Tüm bu çözüm önerilerine rağmen okulun yeterli olmadığı durumlarda, aileler evdeki olanakları kullanarak çocuklarının fen bilgisi öğrenimine oldukça ciddi katkı sağlayabilirler. Bunun için, öncelikle çocuk ve gençleri evin günlük yaşam sürecine dahil etmek gerekir. Örneğin evde yemek pişerken ya da temizlik yapılırken, çocuğun ya da gencin kendi odasına geçip evde olup bitenlere karşı kendisini kapatması, yaşamı da kaçırması demektir. Bu nedenle, özellikle küçük yaşlardan itibaren, ebeveynlerin kız ve erkek çocuklarına yemek pişirmeyi, basit boyama ve tamir işlerini, ütü ve temizlik yapmayı, varsa evcil hayvanlarla ya da evdeki bitkilerle ilgilenmeyi öğretmeleri gerekir. Ev işlerine çocukları ve gençleri dahil etmek, öğretmenle iş birliğiyle ders içi uygulamalar olarak gerçekleştirildiğinde daha etkili olsa da, sadece anne-babanın da rahatlıkla kontrol edebileceği bir süreç.
İlk bakışta önemsiz gibi görünen ev etkinlikleri, aslında çocuk ve gençlerin gerçek yaşamda fark etmedikleri ya da yaşamla bütünleştiremedikleri fen bilgisi konularını kavramalarını sağlayacağı gibi, evdeki aletlerin kullanımını ve çalışma prensiplerini de öğrenebilecekleri fiziksel becerilerini de geliştirecek, sorumluluk duygusu ve yardımlaşma gibi çok önemli kişilik özelliklerini de daha nitelikli bir hale getirecektir.
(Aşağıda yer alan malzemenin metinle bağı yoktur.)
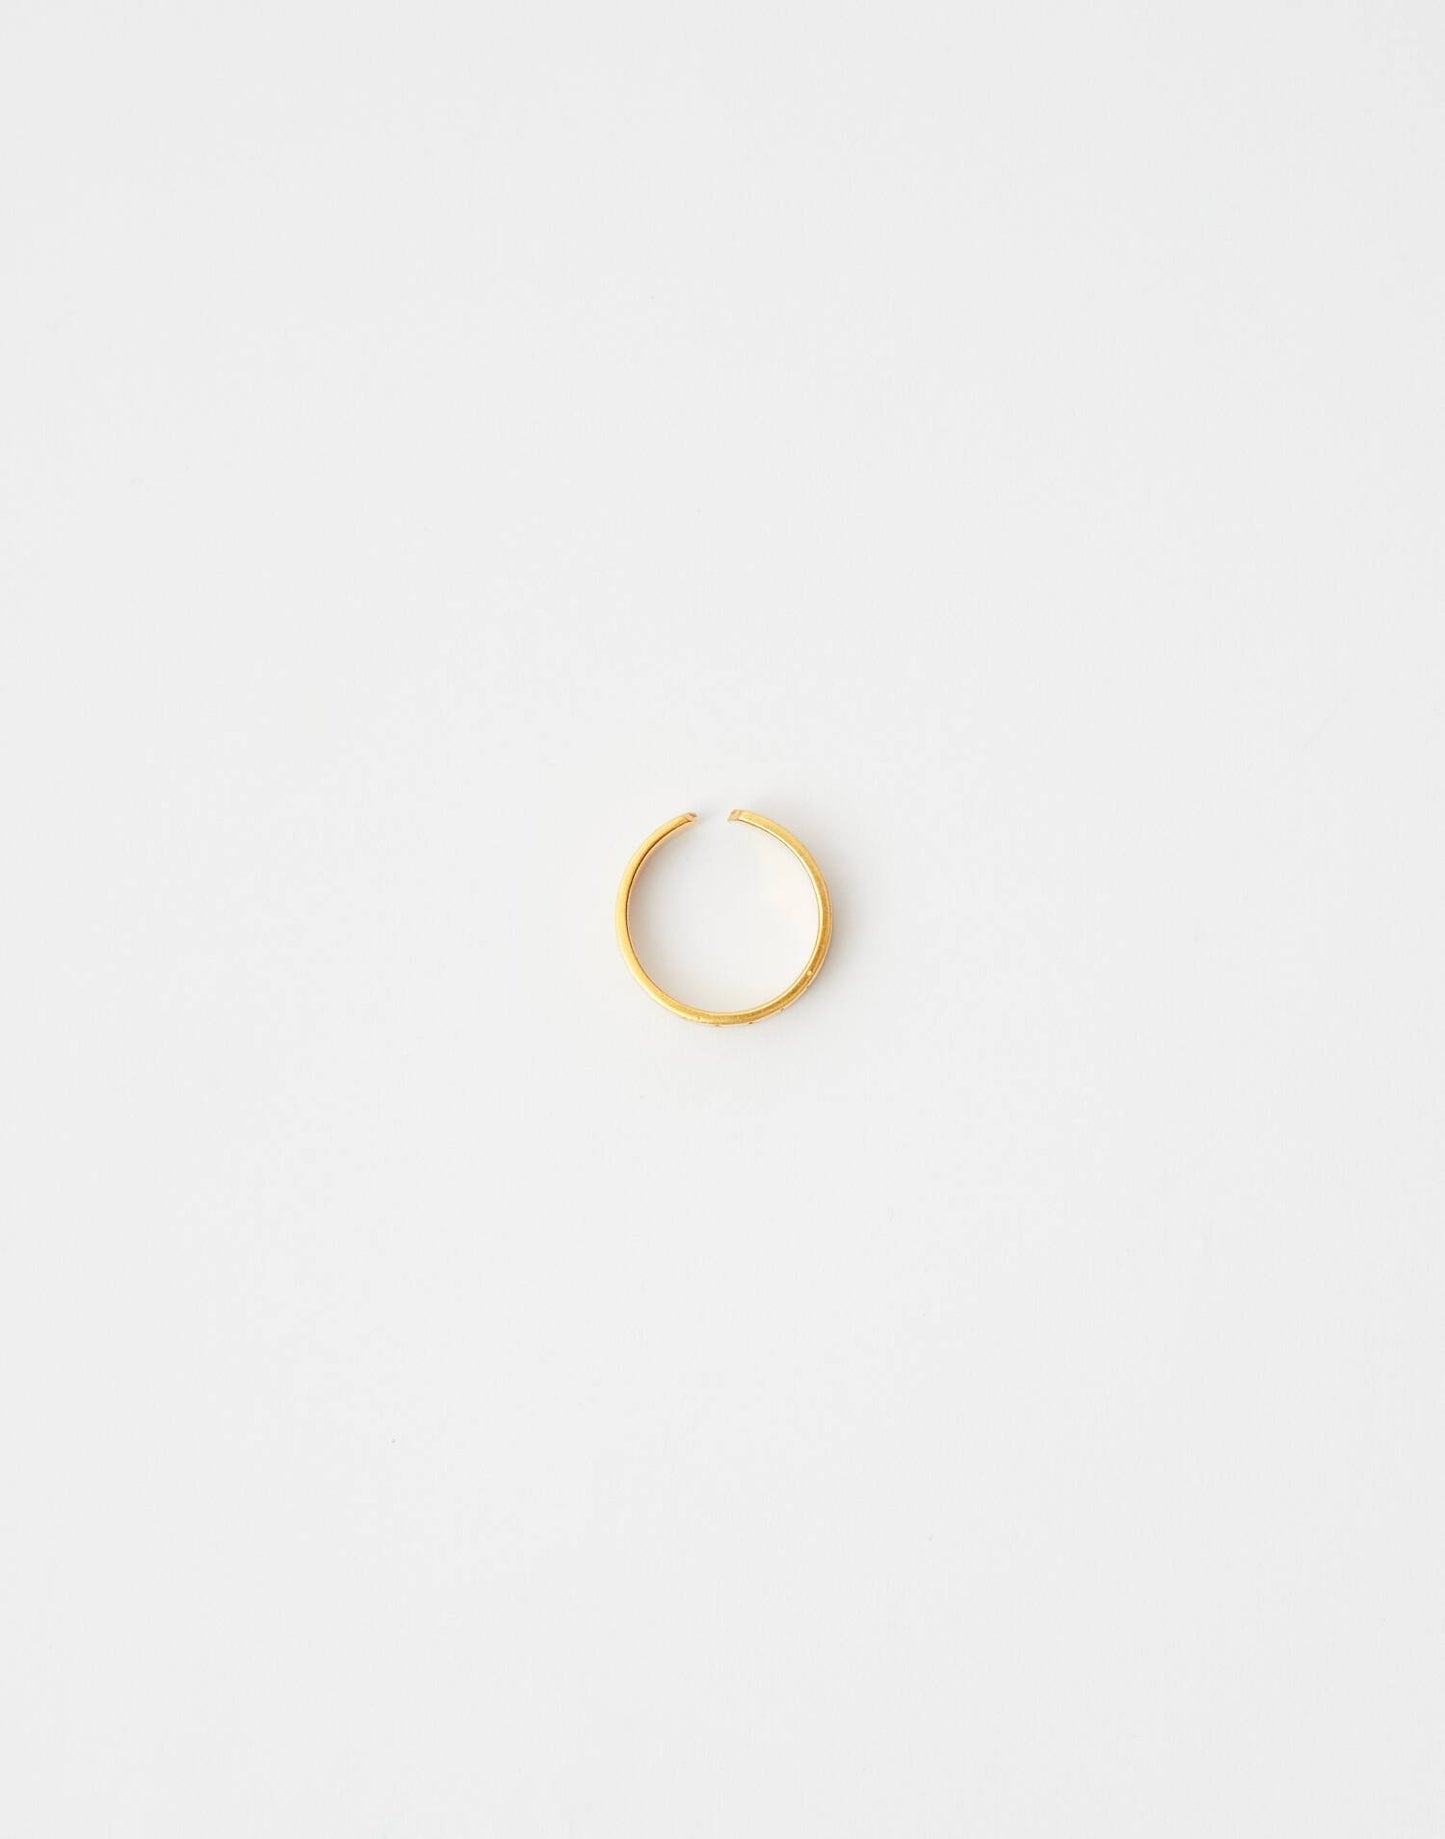 Engraved circle ring
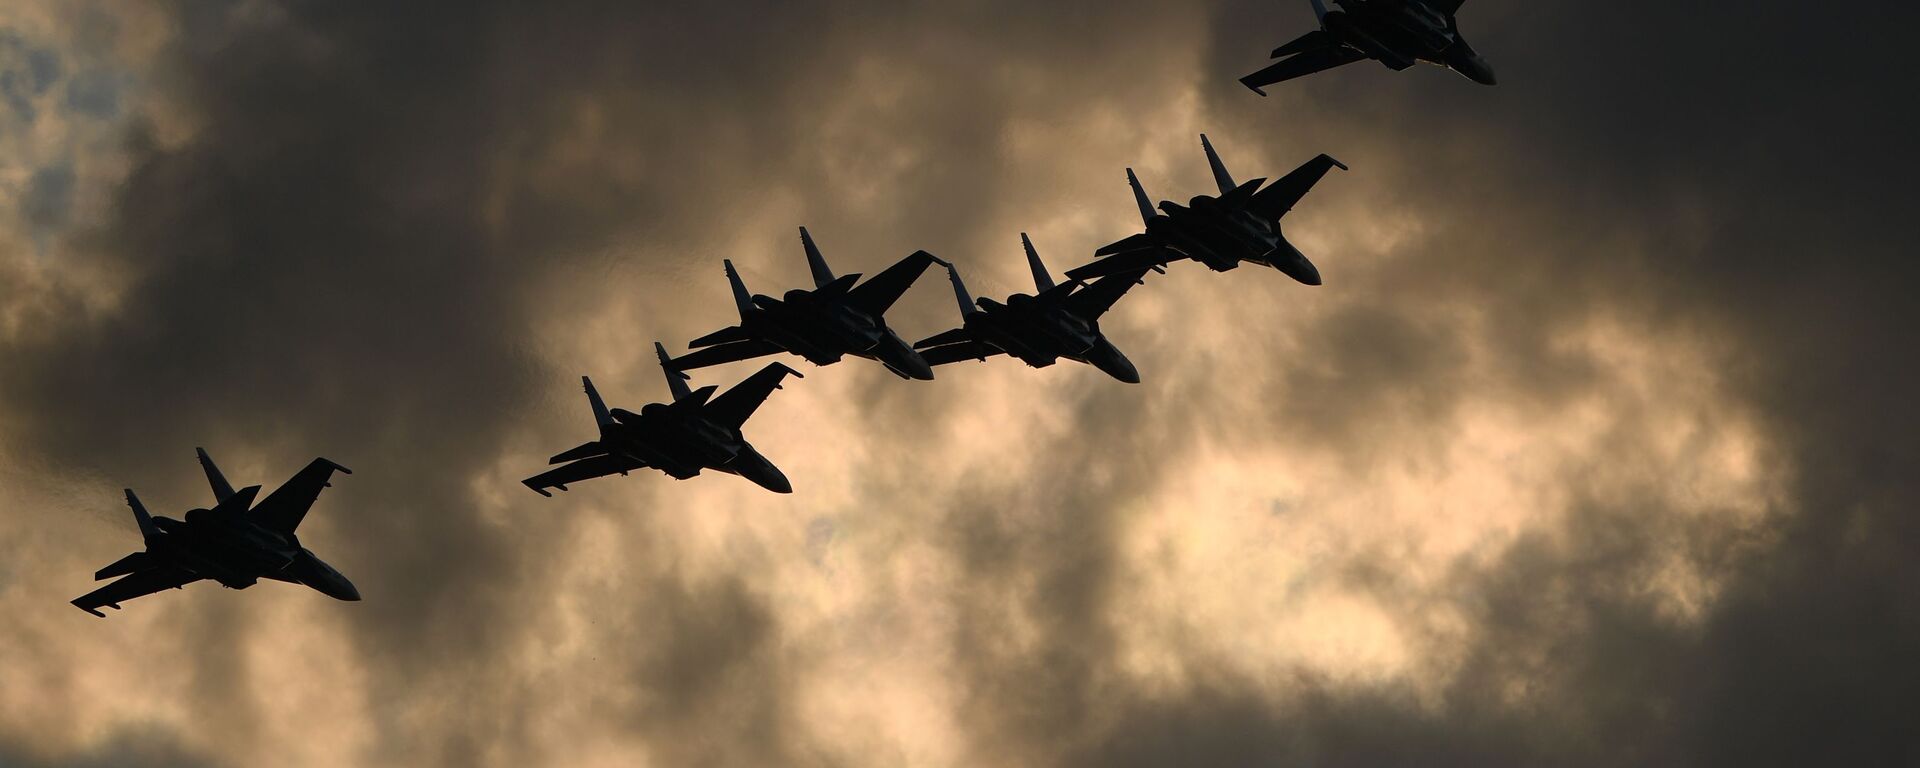 Пилотажная группа Русские витязи на самолетах Су-30СМ  во время выполнения летной программы на МАКС-2021 - Sputnik Ўзбекистон, 1920, 29.07.2021

Gerçek yaşam ister doğada olsun ister evin içinde sürsün, muazzam fizik, kimya ve biyoloji uygulamaları içerir. Bunun önemini ailelerin kavraması ve çocuklarıyla birlikte yaşamın her sorumluluğunu paylaşması, eğitim sistemimizin uygulamadaki eksikliğini de önemli ölçüde giderebilir.
PROF. DR. GÜNSELİ ORHON KİMDİR?
1988 yılında Orta Doğu Teknik Üniversitesi Fen-Edebiyat Fakültesi Psikoloji Bölümü’nden mezun olan Günseli, Yüksek Lisans ve Doktora eğitimini Orta Doğu Teknik Üniversitesi Eğitim Bilimleri Bölümü Eğitim Programları ve Öğretim Anabilim Dalı’nda tamamladı. 1997 yılından bu yana, Akdeniz Üniversitesi Eğitim Fakültesi, Eğitim Bilimleri Bölümü, Eğitim Programları ve Öğretim Anabilim Dalı öğretim üyesi olarak görev yapıyor.
Prof. Dr. Günseli Orhon, özellikle eğitim programlarında yaratıcı düşünme ve problem çözme becerilerinin geliştirilmesi, mizahın eğitimde kullanılması, yaratıcı öğretim materyallerinin geliştirilmesi ve yaratıcı yazarlık konularında pek çok yurt içi ve yurt dışı araştırma, makale, bildiri, kitap ve kitap bölüm yazarlıklarına sahiptir.
Orhon’un bilim insanı kimliğinin yanı sıra, uluslararası film ve senaryo yarışmalarında ödül almış senaryo yazarlığı da bulunuyor. Orhon, iki erkek çocuk, bir kız torun sahibi.